Die Lage habe sich entspannt, sei aber noch nicht vom Tisch, sagte der Sprecher. Die Schäden hätten „eine immense Dimension“. Allerdings sei man froh, dass es weder bei den Betroffenen noch bei den Rettungskräften Verletzte oder gar Tote gegeben habe.

09.07.2021

Vom Hochwasser betroffen sind besonders die Gebiete um Ansbach, Neustadt an der Aisch sowie in den Landkreisen Forchheim, Bamberg und Coburg, wie aus den Warnungen des Hochwassernachrichtendienstes Bayern vom Freitag hervorgeht.

Gewarnt wird dort vor „Überschwemmungen für bebaute Gebiete“. Auch in vielen anderen Regionen vor allem im Norden und Westen Bayerns gelten Warnungen vor „Ausuferungen und Überschwemmungen“.

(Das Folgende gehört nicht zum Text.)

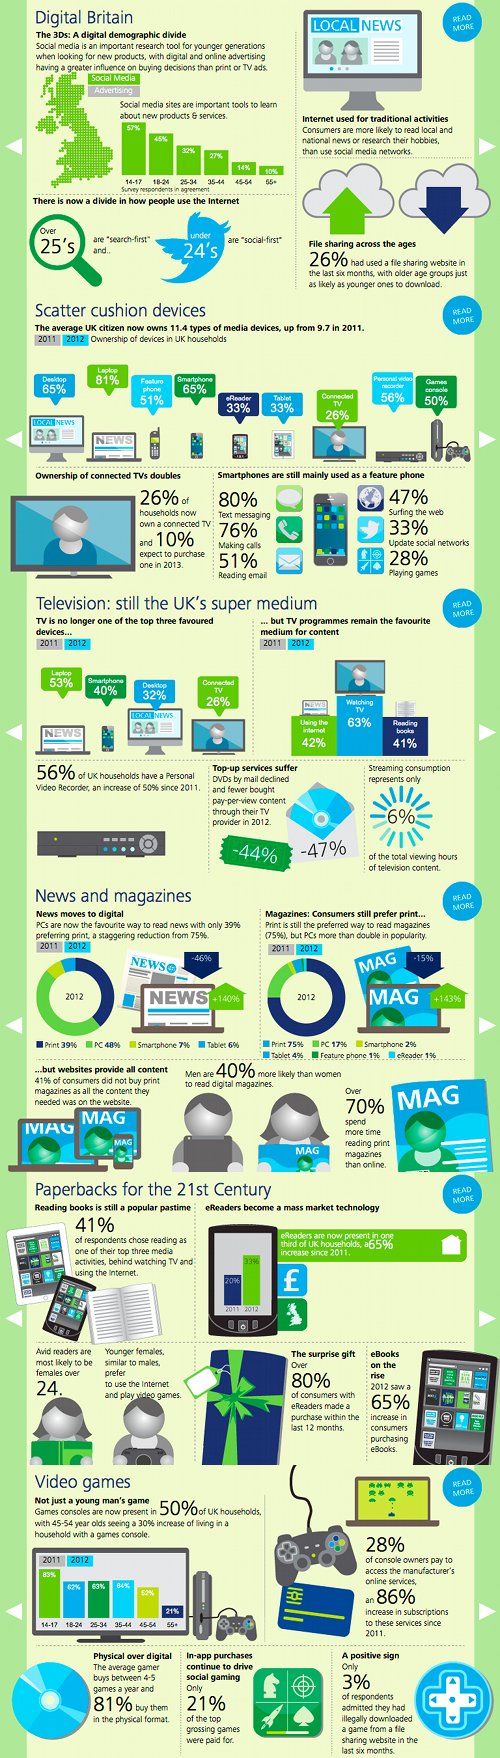 Deloitte’s UK Media Consumer survey ’13

Auch in Neustadt an der Aisch ist der Pegel der Zenn rasant angestiegen. Bei Stöckach stieg sie innerhalb weniger Stunden um rund 2,50 Meter auf ein Allzeit-Pegelhoch an. Auch Sulzach oder Altmühl verzeichneten teils meterhohe Anstiege.

09.06.2021

Überschwemmungen und Bombenfund: Stadt Ansbach ruft Katastrophenfall aus

370 Kräfte der Polizei, der Feuerwehr, des BRK, des THW und der Führungsgruppe Katastrophenschutz der Stadt Ansbach sind allein im Zusammenhang mit der Entschärfung der Bombe im Einsatz. Durch den Ausruf des Katastrophenfalls ist es Oberbürgermeister Thomas Deffner nun möglich, weitere Einsatzkräfte anzufordern.

Zudem ist es ihm erlaubt, Personen das Betreten des Katastrophengebiets zu verbieten und das Gebiet zu sperren oder zu räumen. „Ferner kann zur Katastrophenabwehr von jeder Person die Erbringung von Dienst-, Sach- und Werkleistungen verlangt sowie die Inanspruchnahme von Sachen angeordnet werden“, heißt es in einer Meldung der Stadt.